◆ **Instructions for the task**:
Once the pictures are set aside, repeat all of the data below exactly.

◆ **Available data**:
Segment Open

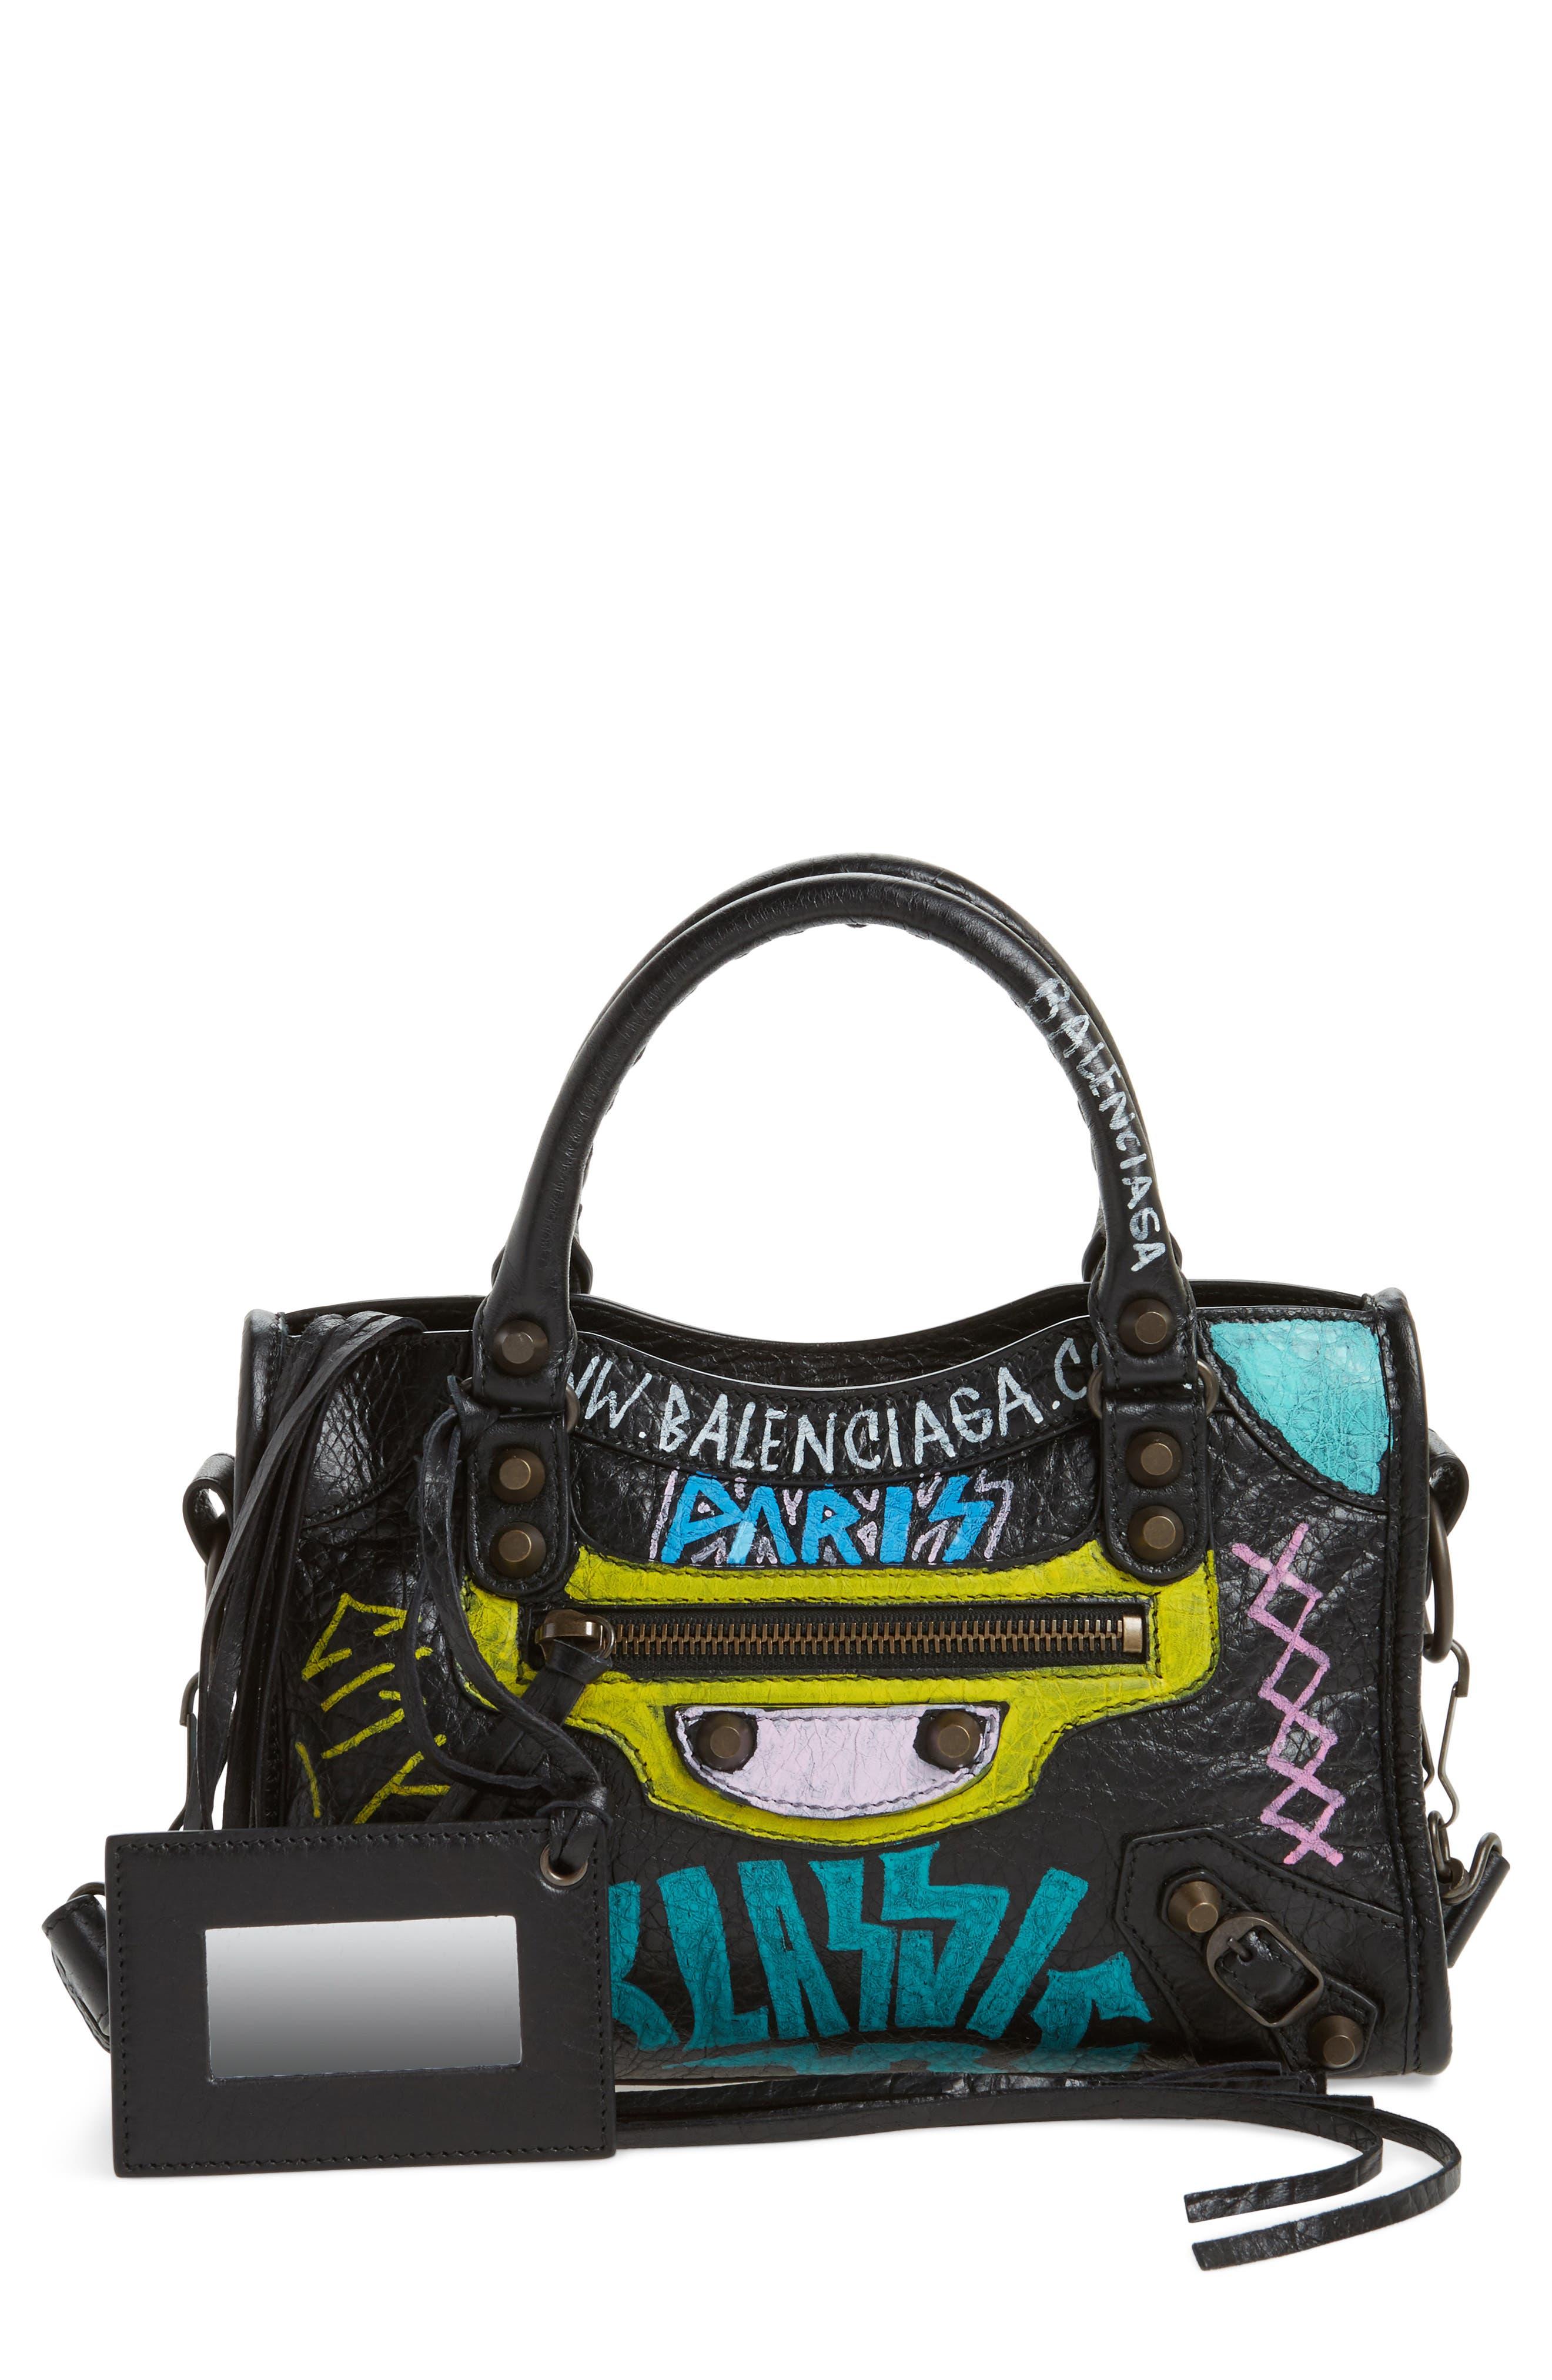 Mini City Graffiti Leather Tote,                             Main thumbnail 1, color,                             Noir/ Multi Color
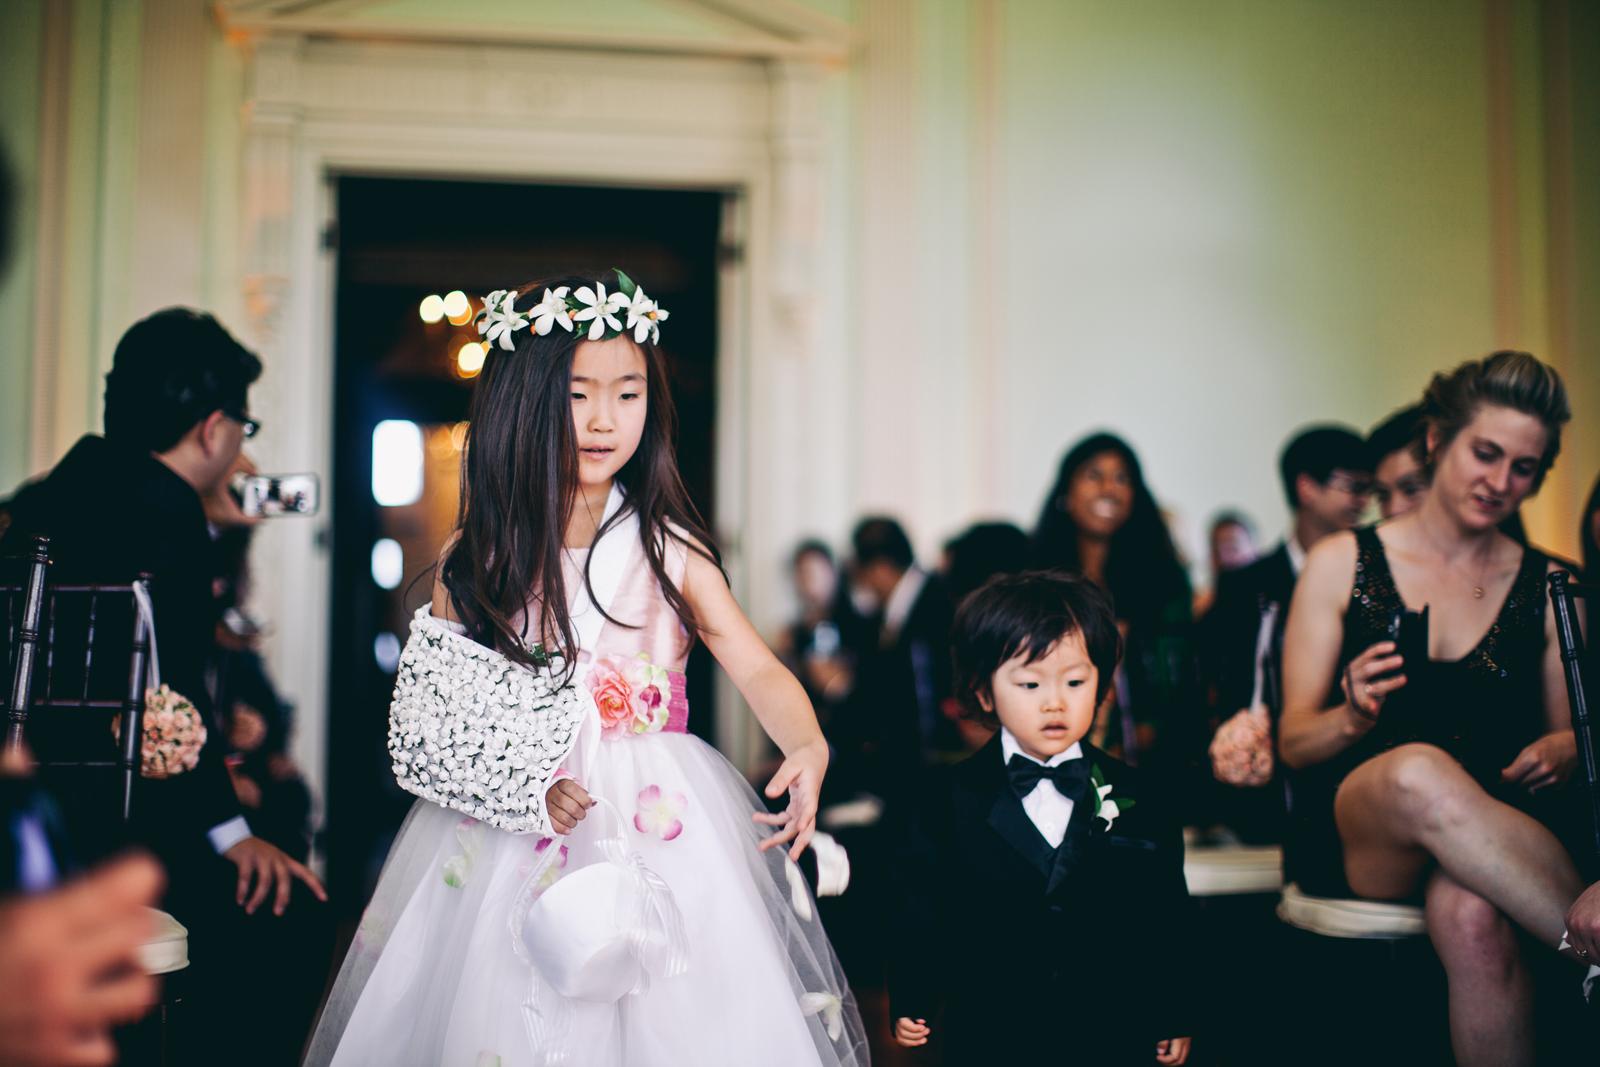 kohl_manison_wedding_photography_sarah_eric_ebony_siovhan_bokeh_photography_042.jpg
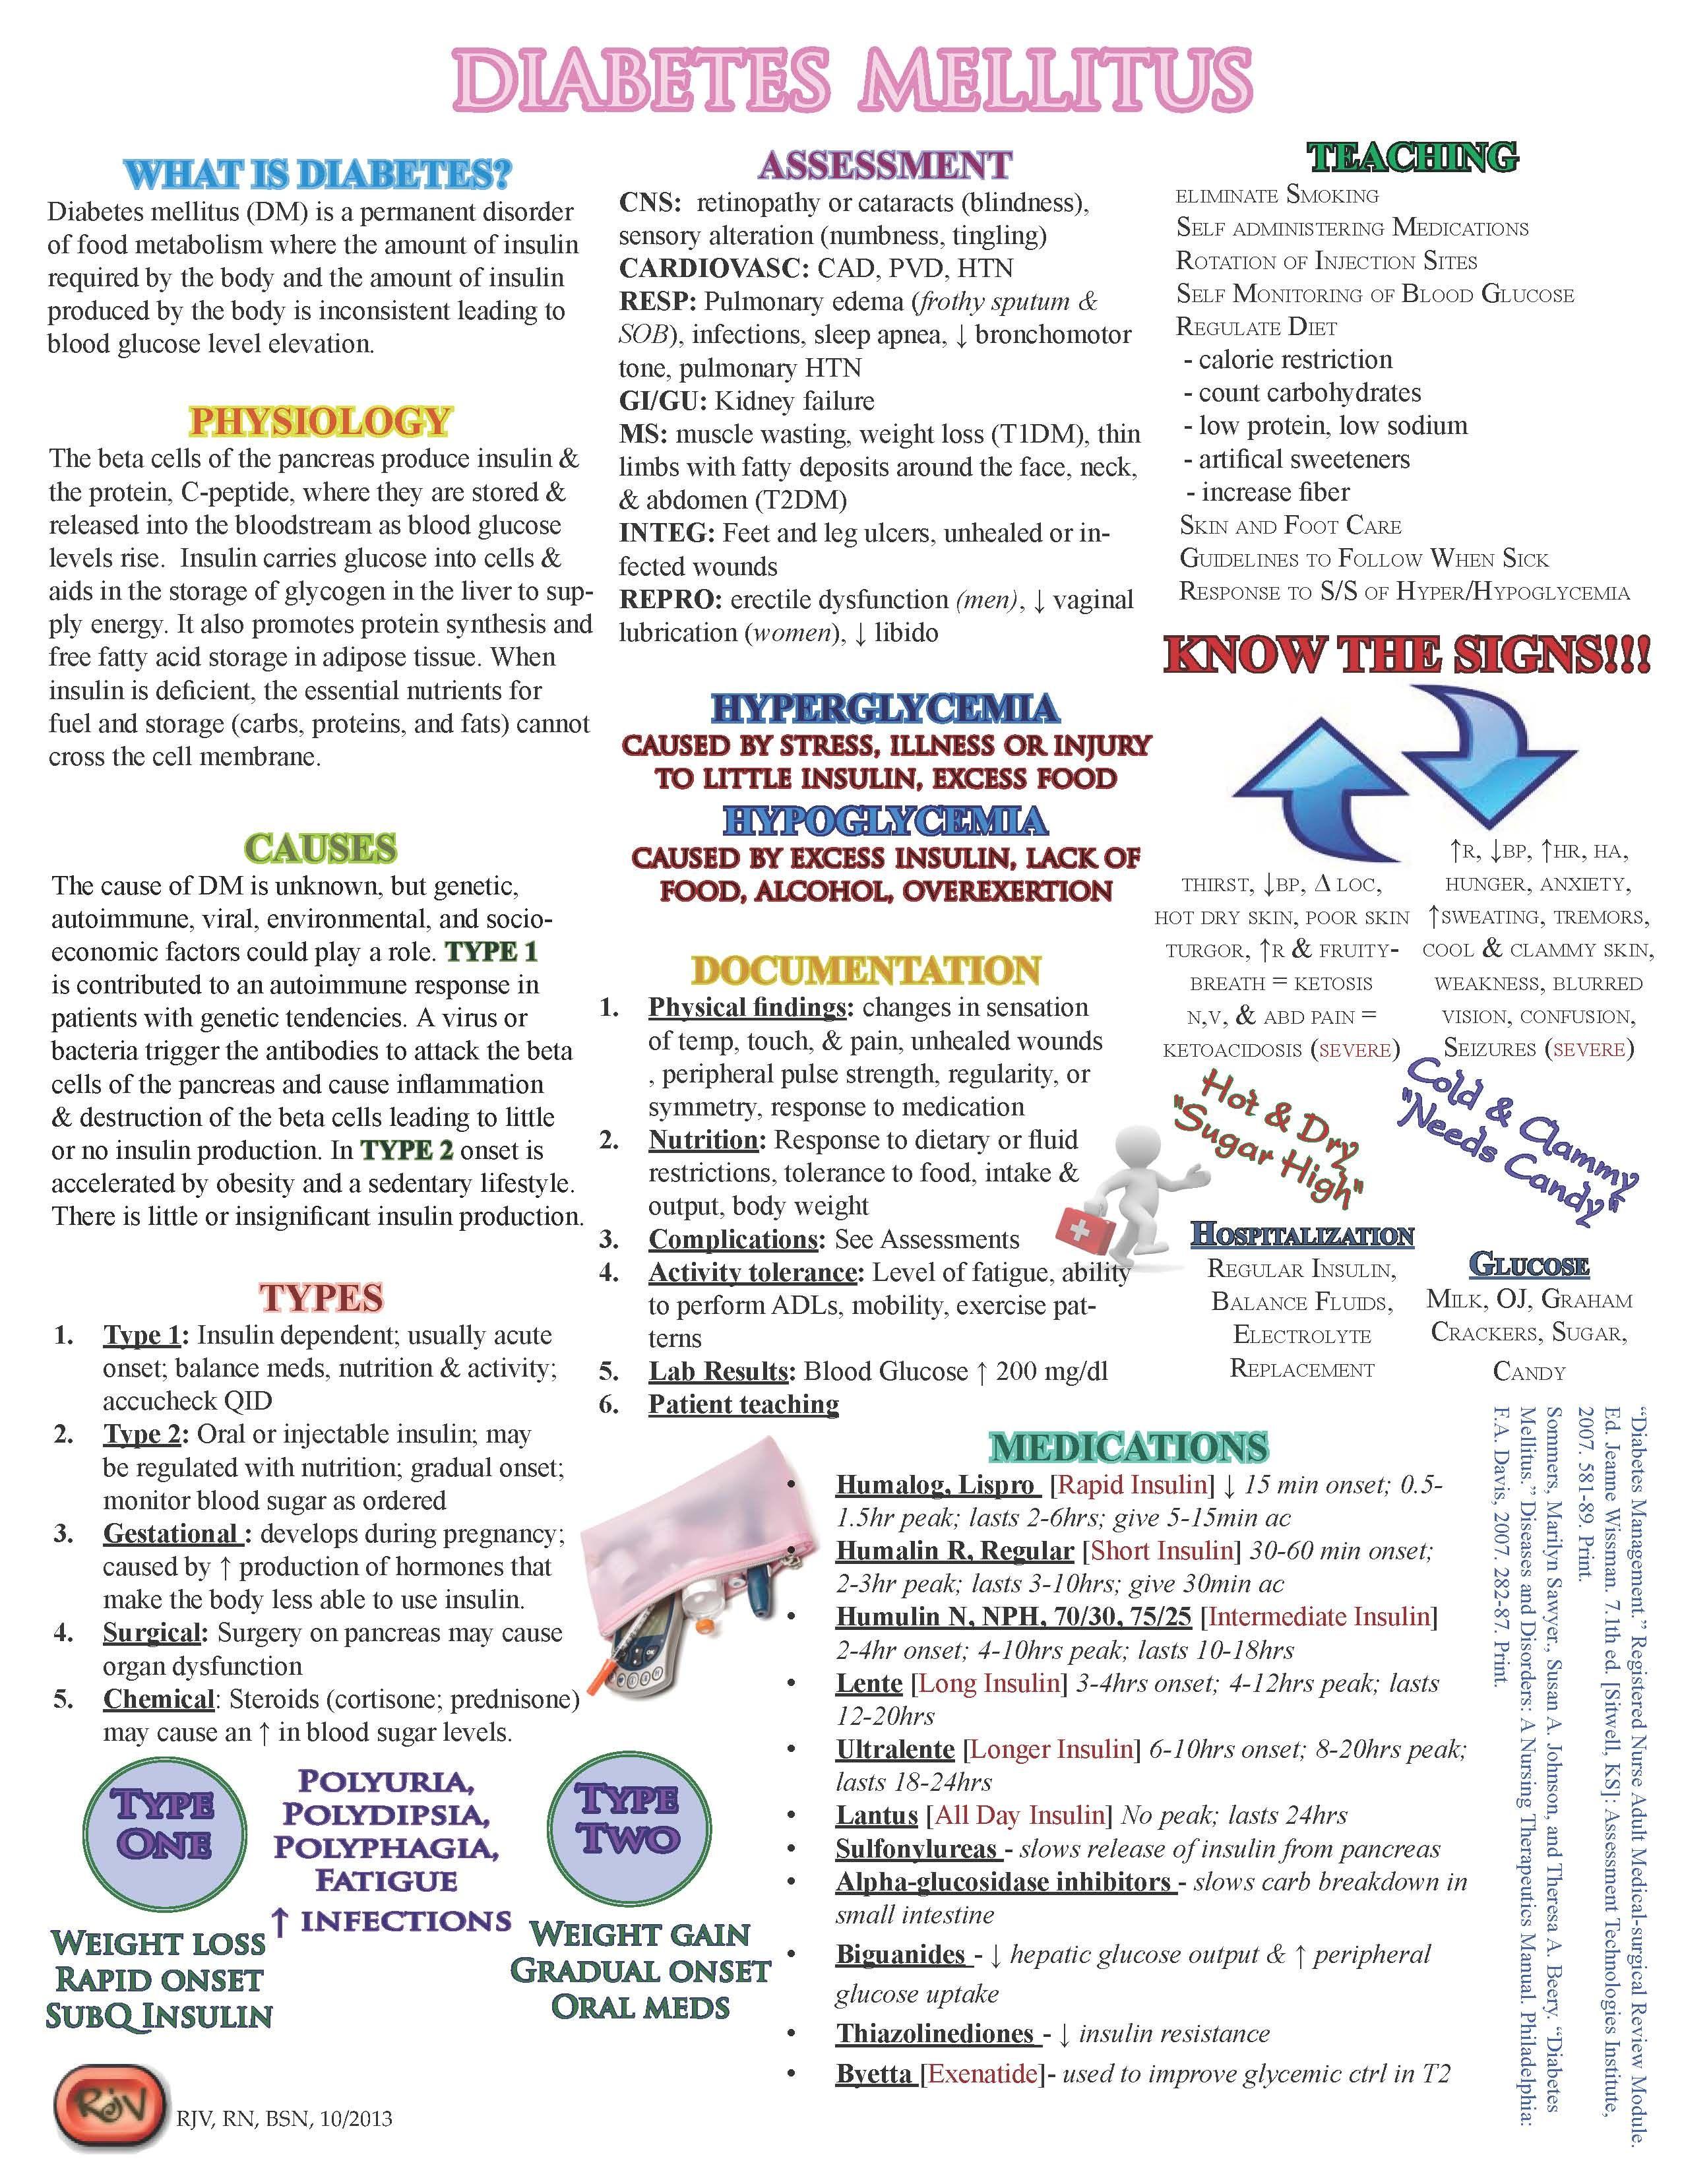 Diabetes Mellitus Cheat Sheet

Segment Closed

◆ **Completed exercise**:
 Mini City Graffiti Leather Tote,                             Main thumbnail 1, color,                             Noir/ Multi Color
 kohl_manison_wedding_photography_sarah_eric_ebony_siovhan_bokeh_photography_042.jpg
 Diabetes Mellitus Cheat Sheet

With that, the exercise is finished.